BTW: It is a very dangerous practice to leave oil in a High-Power rifle chamber. That increases bolt thrust all out of proportion to what the action would normally be subject
Your correct and I should have brought that up RC. I had cleaned as you recommend, case rims were still being torn and found a light coat of CLP cured the problem, so that was what I did. Selling it was my smartest move IMHO as I kept the Leupold VariX II 3X9 that was on the gun when i bought it. Then selling the gun for only $50 less than my purchase price without the scope and mounts on it. Which to get a scope cheap was really why I bought the gun in the first place.
 
Try it without the magazine. I've seen a couple of them that the front tabs on the magazine were bent down allowing the mag to go to far up, and the case would hit the front of the magazine.
 
Details

This situation is common to varying degrees in these semi guns. A number of years of use between gunsmith-type disassembly will allow a neglected chamber to develop corrosion, and micro-rust surface imperfections have an adhesive effect on the brass. You would not have such an extreme degree of shell-stick (evidenced by the extractor pulling chunks from the rim) without this typical type of interference.

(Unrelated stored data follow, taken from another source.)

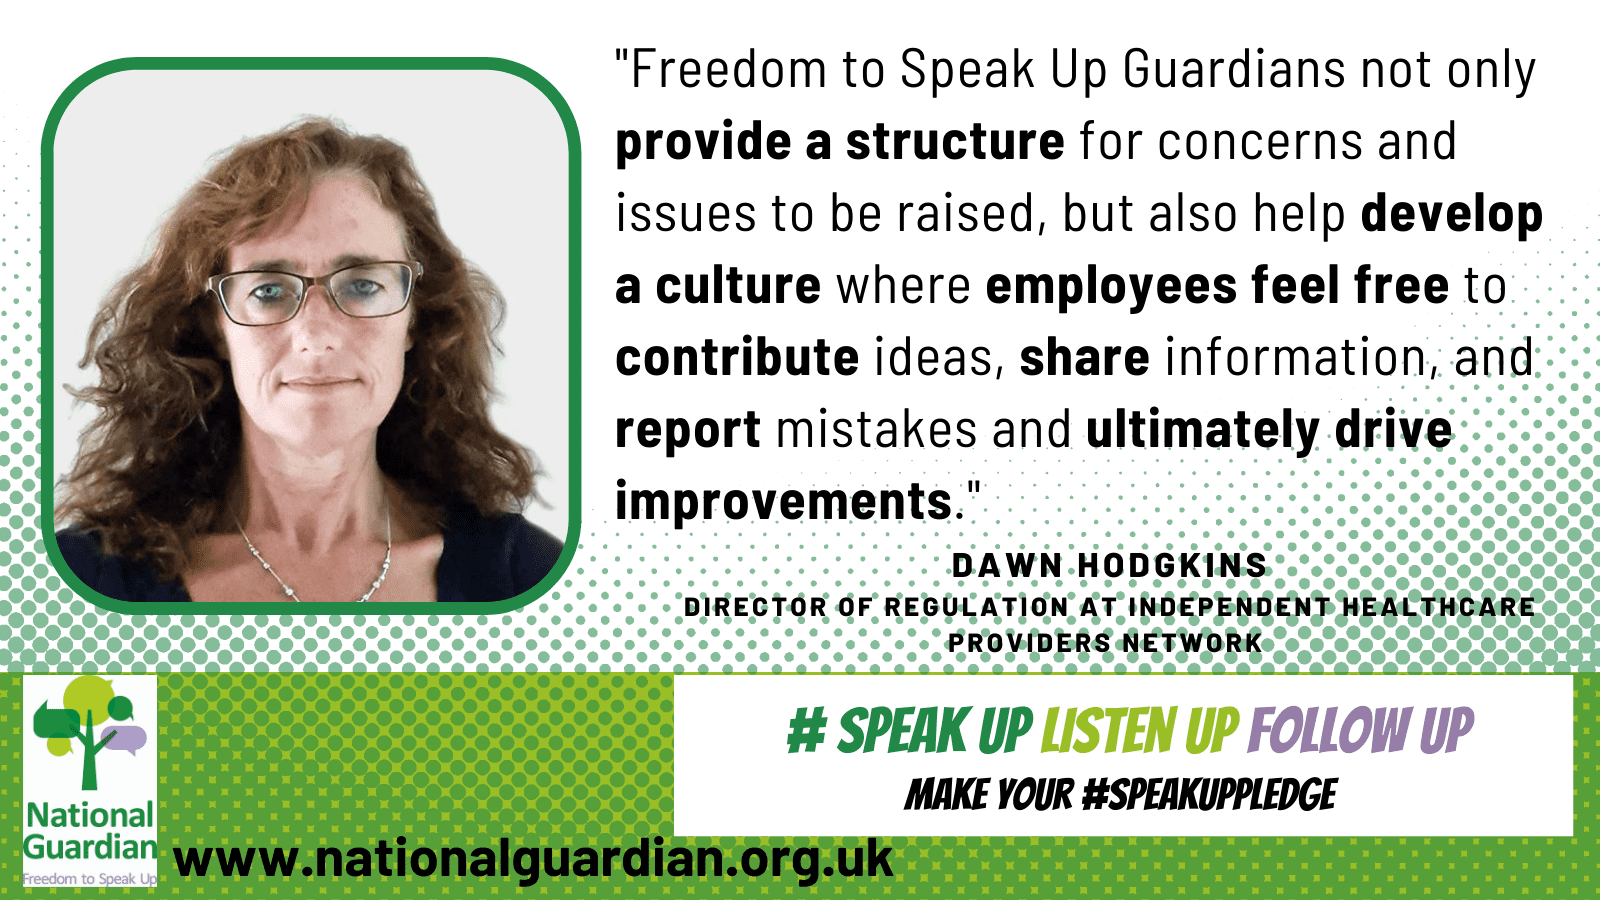 Image of Dawn Hodgkins and quote from blog ""Freedom to Speak Up Guardians not only provide a structure for concerns and issues to be raised, but also help develop a culture where employees feel free to contribute ideas, share information, and report mistakes and ultimately drive improvements."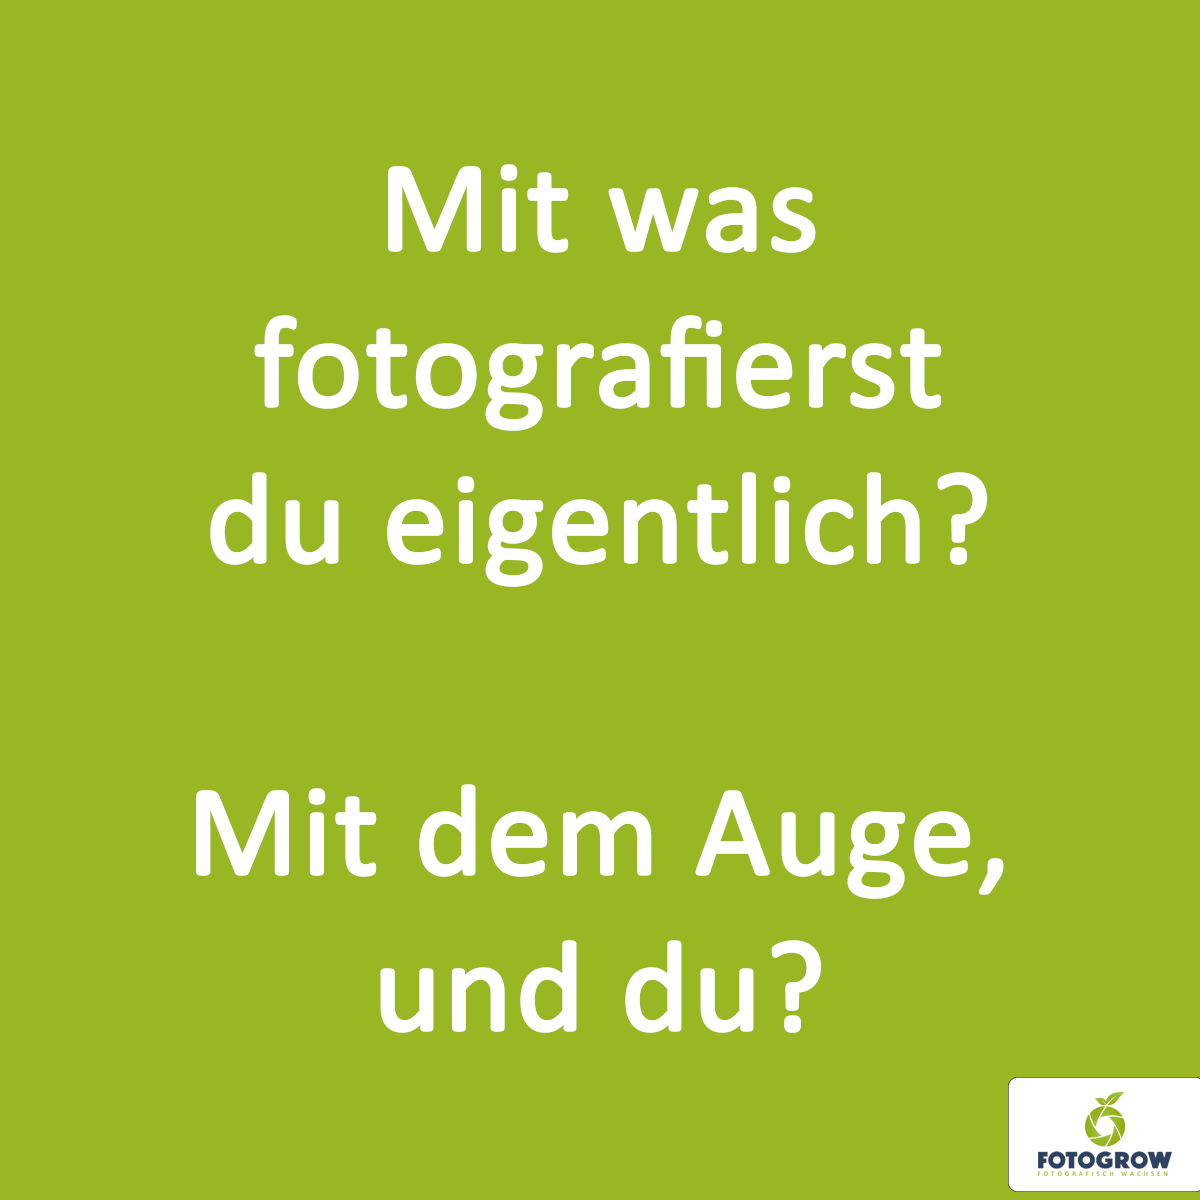 You are currently viewing Die „Mit was fotografierst du“ Frage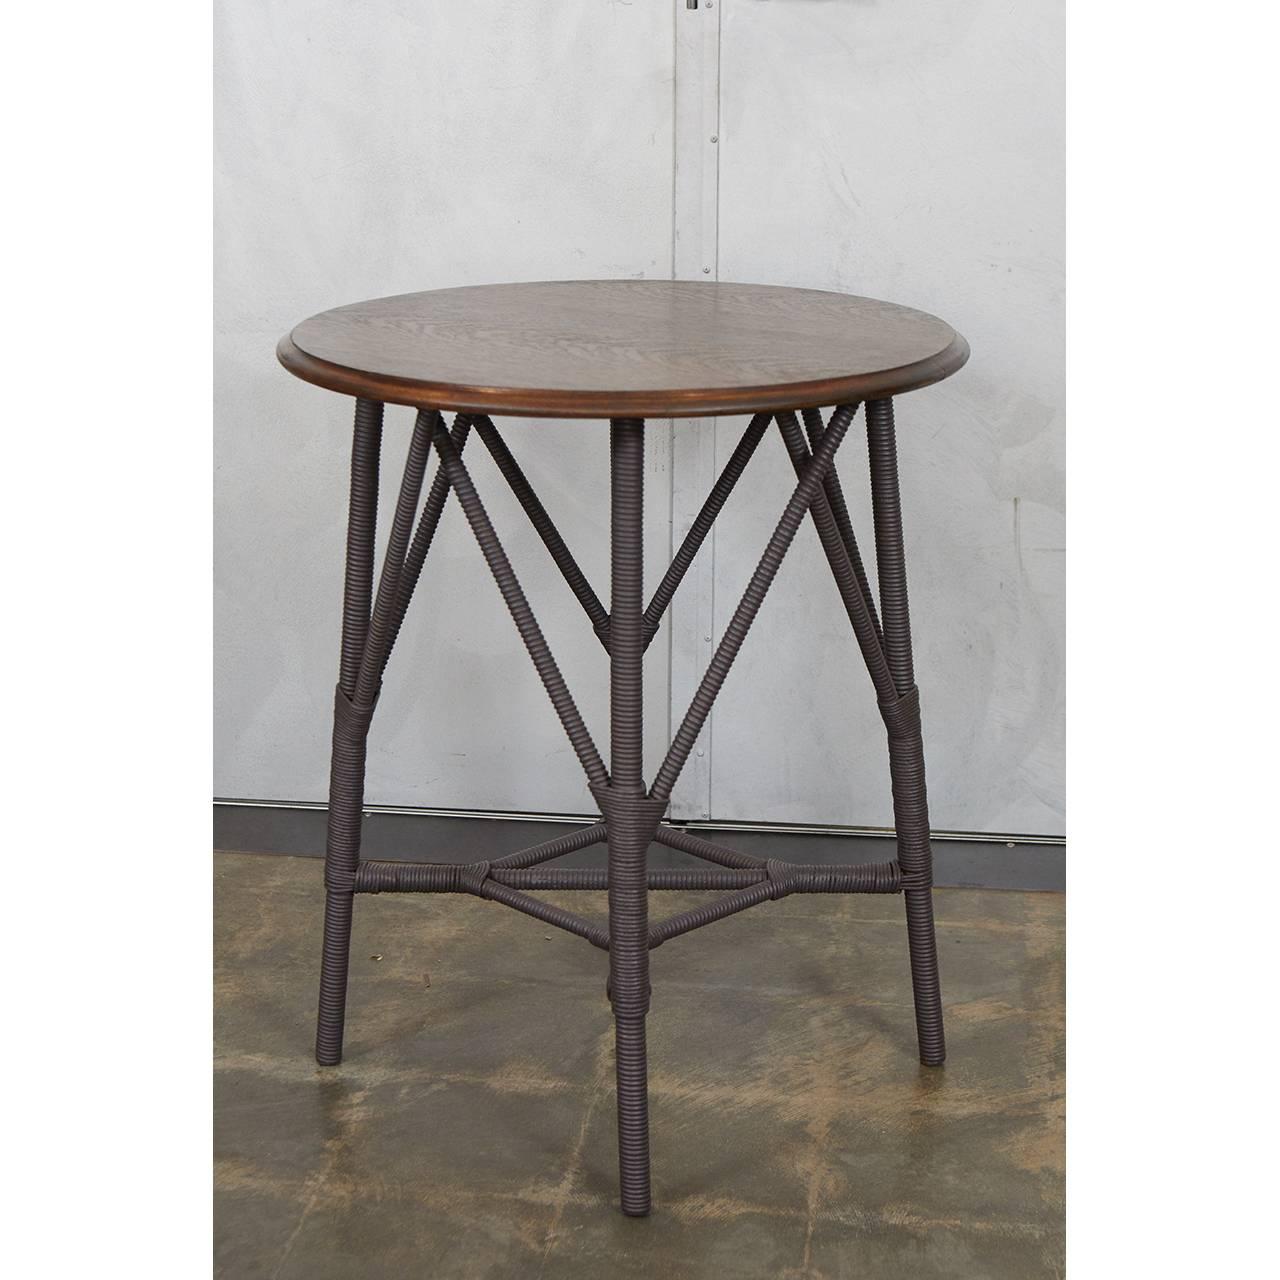 American Wood and Wicker Table In Good Condition For Sale In Culver City, CA

A magazine may have an intrusion into the mechanism's travel, but this is a sign not to rest the magazine area of the rifle on the sandbag. There would not be a need of a rod to knock the shell free due to any mechanical interference. The shell is stuck independent of any outside application or else a light tap with the rod would be more than sufficient.


You may examine the other shells that eject to see that the rim has a considerable distortion from the ejector pull effort, also.

This posting has some pictures of mine detailing the rim distortion variance examples.


http://www.thehighroad.org/showthread.php?t=286913

This needs gunsmith attention. I can assist if you don't have someone else in mind. Either way, good luck.